Des centaines de femmes ont été agressées aux abords de la gare de Cologne la nuit de la saint Sylvestre. La police a été critiquée pour son manque de réactivité. Les fascistes allemands accusent les réfugiés d'être à l'origine des agressions qui auraient été planifiées.
 
Nous mêmes avons l'expérience de ce genre de situation. Nous nous étions mobilisés à Lyon suite à des viols en série objets d'une récupération raciste par les fascistes lyonnais. Aujourd'hui, plusieurs semaines après, le défoulement médiatique continue contre les réfugiés.
 
La violence contre les femmes est un outil de répression patriarcale.
 
Oui, ces attaques étaient planifiées.
Lorsque des hommes sortent faire la fête, chercher des femmes fait partie de leurs objectifs et de leurs attentes.
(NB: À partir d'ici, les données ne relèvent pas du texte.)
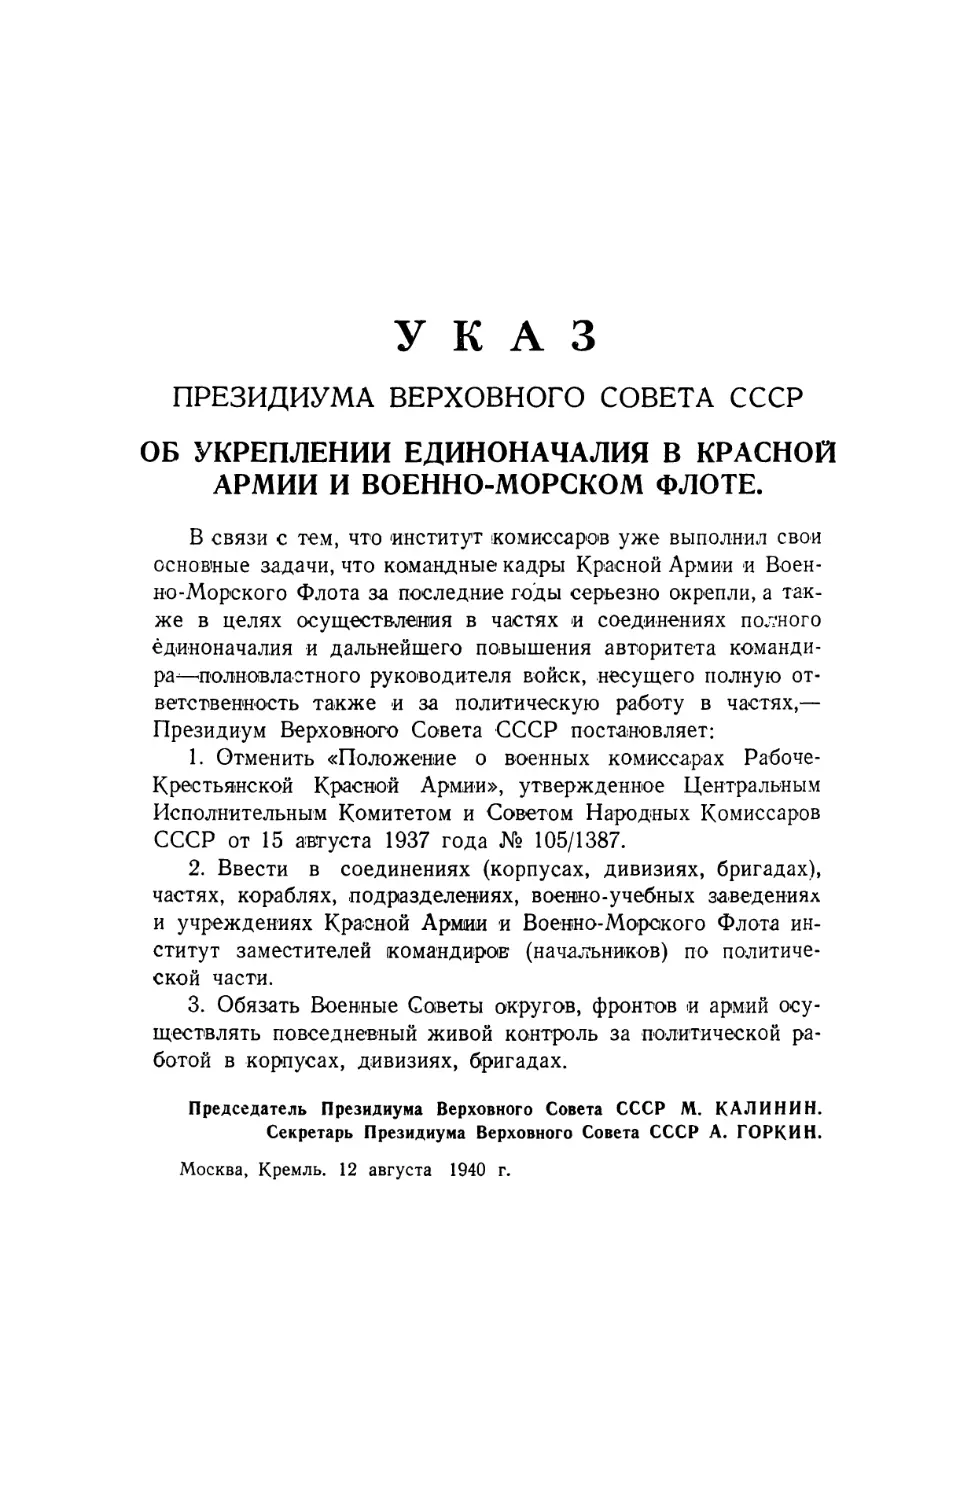 Доклад товарища В. М. МОЛОТОВА - Внешняя политика Советского Союза
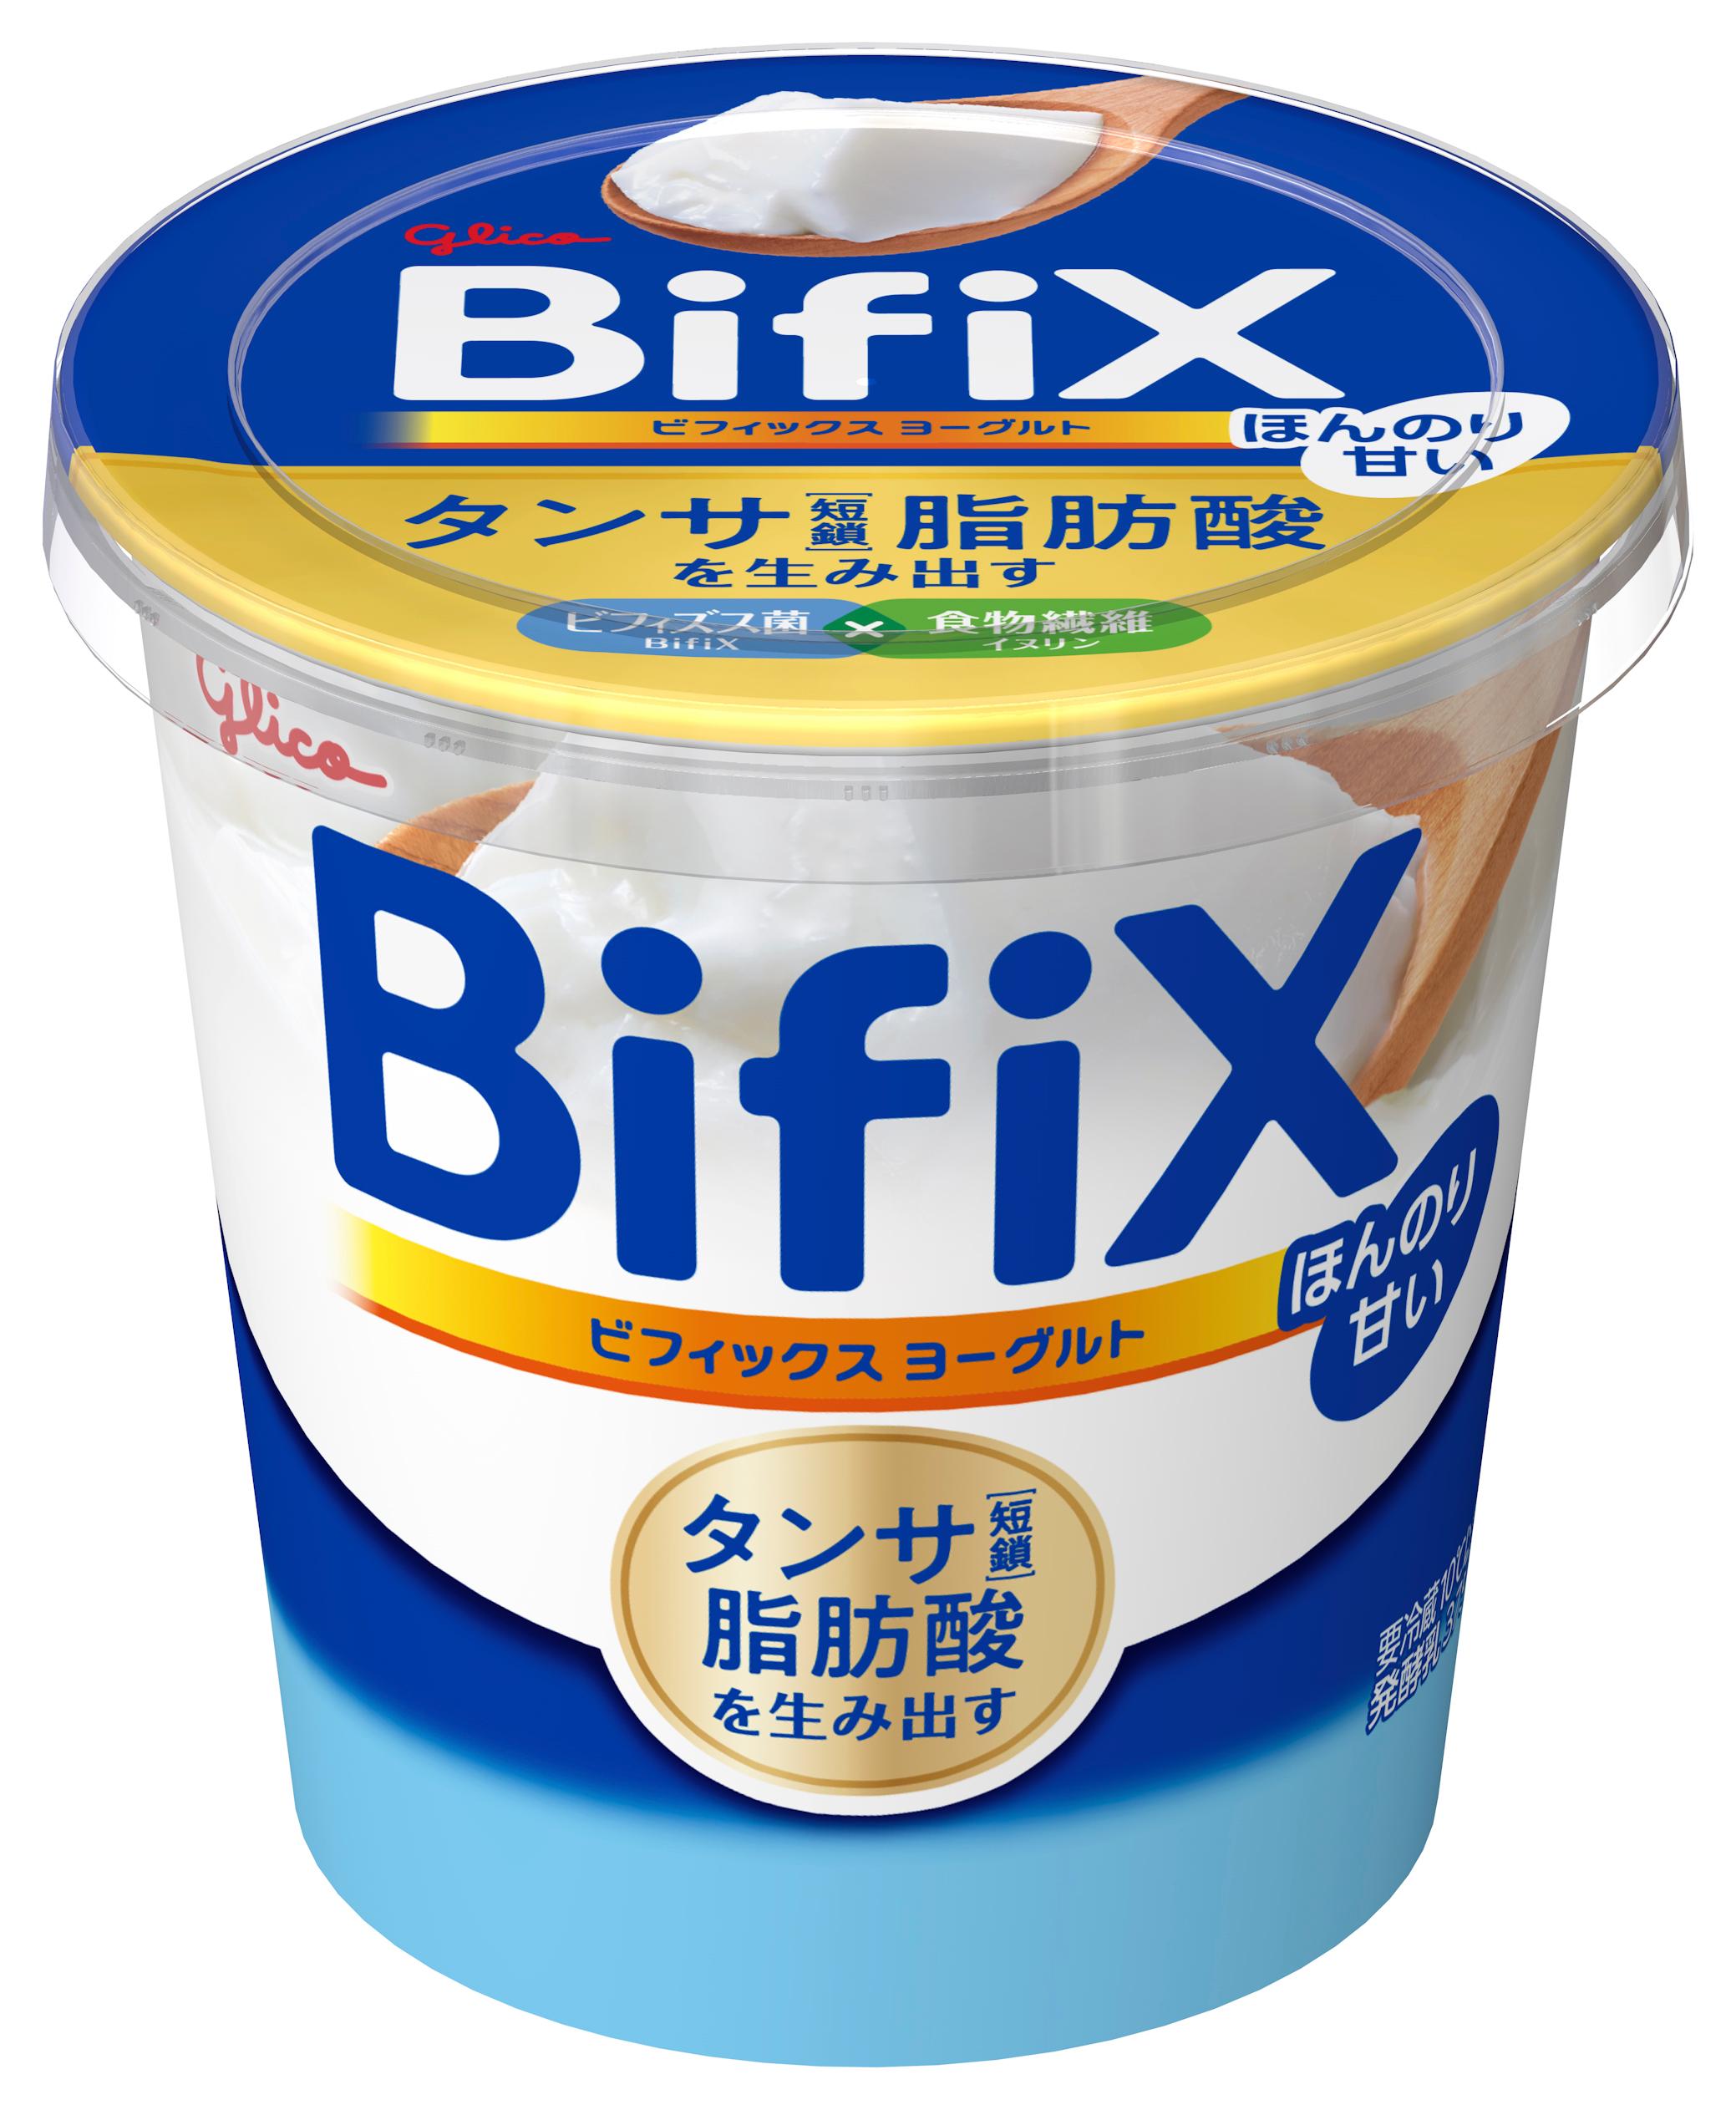 BifiXヨーグルト ほんのり甘い 375g | 【公式】江崎グリコ(Glico)

Pour ces prédateurs, les femmes ne sont pas actrices de la fête. Elles sont des objets à consommer, au même titre que l'alcool. Si elles sont dans l'espace public, à fortiori dans un moment festif, elles sont disponibles. 
Lorsqu'ils sont en groupe, dans un espace public où ils retrouvent d'autres groupes masculins, ils se sentent renforcés et ont des objectifs et attentes supérieurs, conformément à leurs moyens supérieurs.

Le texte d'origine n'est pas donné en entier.